After uploading the input data, users are allowed to fine-tune a series of parameters that will be used to classify samples as Positive, Negative or Undetermined. In general, two types of calling criteria are allowed, namely, the Ct value of the analyzed viral gene(s) (compulsory) and the estimated viral RNA copy number (optional). A human endogenous control is included to make sure that the nucleic acid extraction worked. Adjustable parameters include, among others: use of a viral DNA standard curve (yes/no), use of duplicates (yes/no) and number of “positive” viral genes to consider a sample Positive. Calling results are presented in a downloadable table. For more details on the calling criteria, see Additional file 3, where the algorithm of the full Calling Analysis has been described in detail.

Amplification curves (in the fluorescent probe analysis)

After performing the calling analysis in probe experiments, shinyCurves allows to plot General Amplification Curves including all the samples, as well as individual Amplification Curves of samples classified as Undetermined. Each Undetermined sample is plotted independently, together with those with a final calling. Upon visual inspection of Undetermined sample curves, the user can decide whether these fit a sigmoidal distribution, and therefore represent a specific amplification, or not.

Conclusions

To our knowledge, this is the first tool designed to automatize the calling of clinical samples containing pathogen nucleic acids through qRT-PCR, and that is completely flexible as regards the user’s requirements and experimental settings. In fact, several open-access software packages and tools for the analysis of qPCR data already exist (see review by [14]). However, some of them either have been discontinued (CopyCaller) or are no longer maintained [15] or need a subscription or license (Cy0 Method, https://www.cy0method.org/, [16]). Moreover, the alternatives for drawing melting curves other than proprietary software are very limited. As far as we know, the qpcR R package is the only available free package, but no graphical user interface is provided [17].
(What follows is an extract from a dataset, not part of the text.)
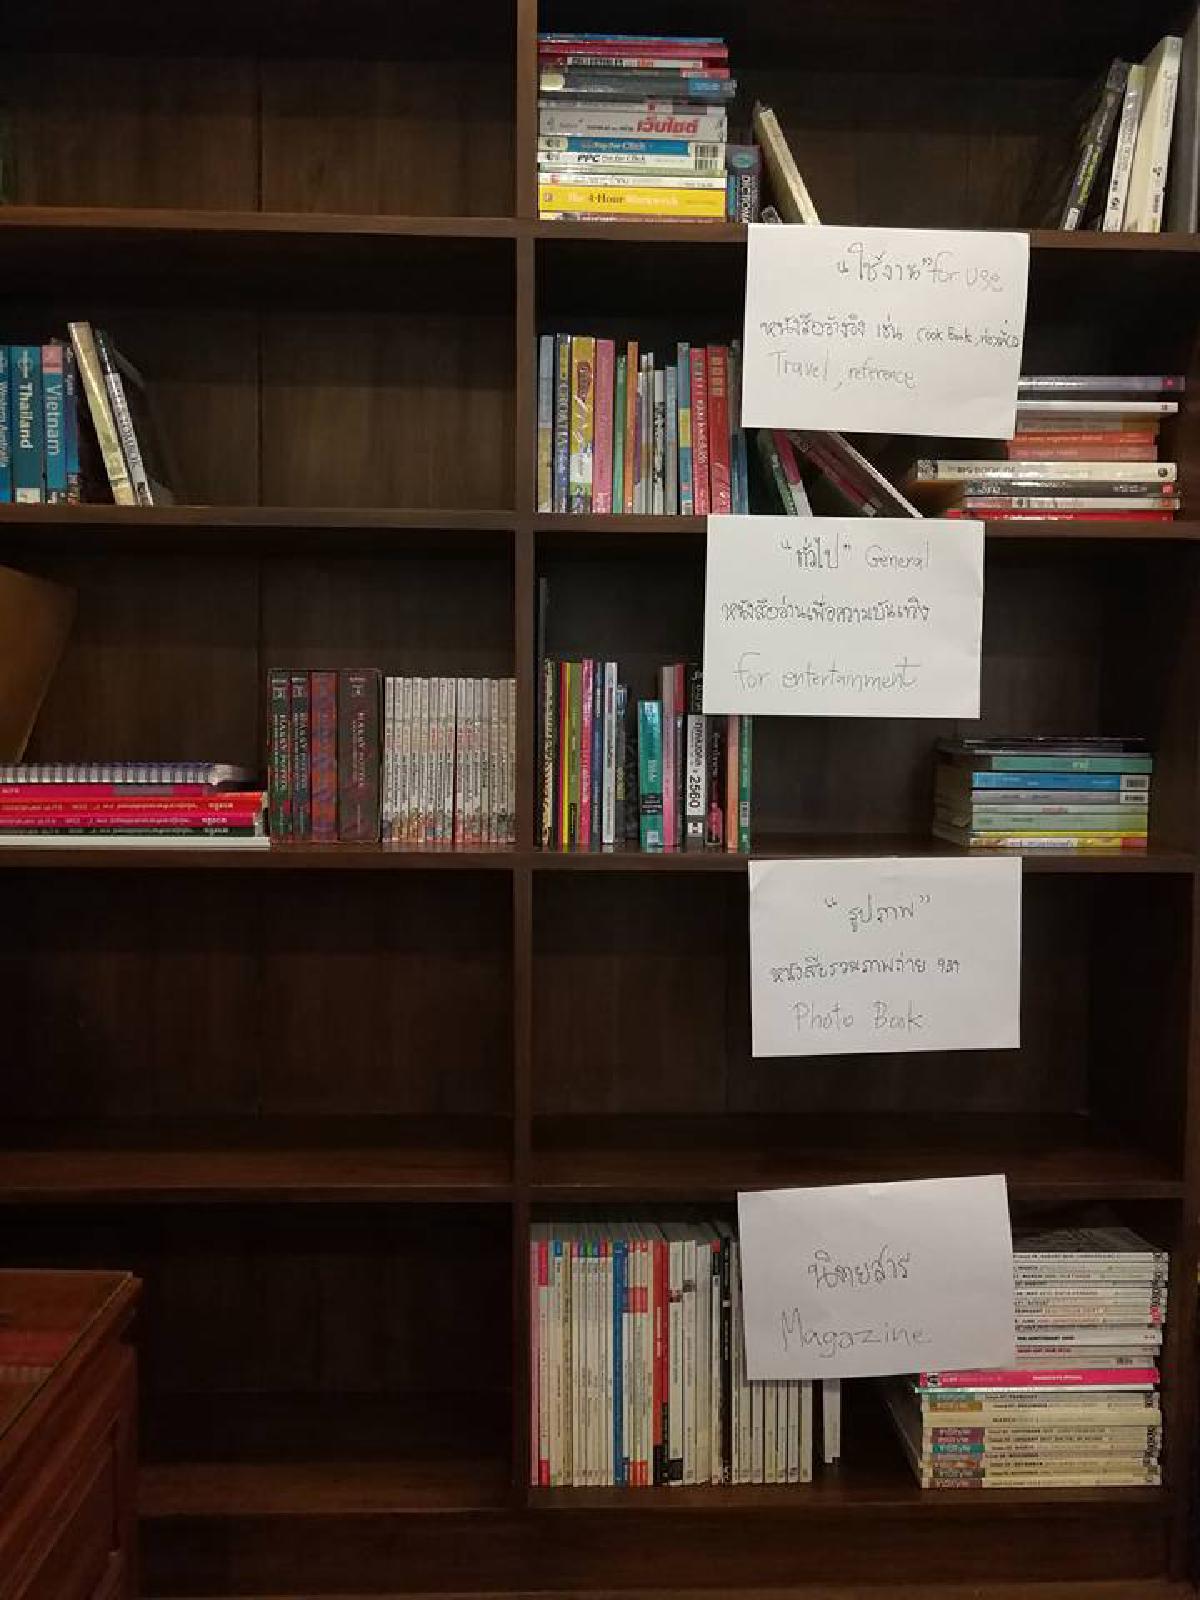 รีวิว การจัดห้องให้น่าอยู่ ตามวิธี KonMari Method (คนมาริ) จากญี่ปุ่น!

In summary, shinyCurves is a user-friendly application that analyzes and allows the visualization of qRT-PCR data coming from different amplification methods and platforms. It is easily accessible for any user profile, as no programming skills are required. shinyCurves is set up automatically in the shinyapps.io server, making basic Internet connection its only requirement. Its minimal requirements make it a ready-to-use tool applicable to the clinical routine. Therefore, we conclude that it is a significant improvement in analytical capacity, speed and reproducibility, which are key factors in pathogen detection analyses, especially in COVID-19 times.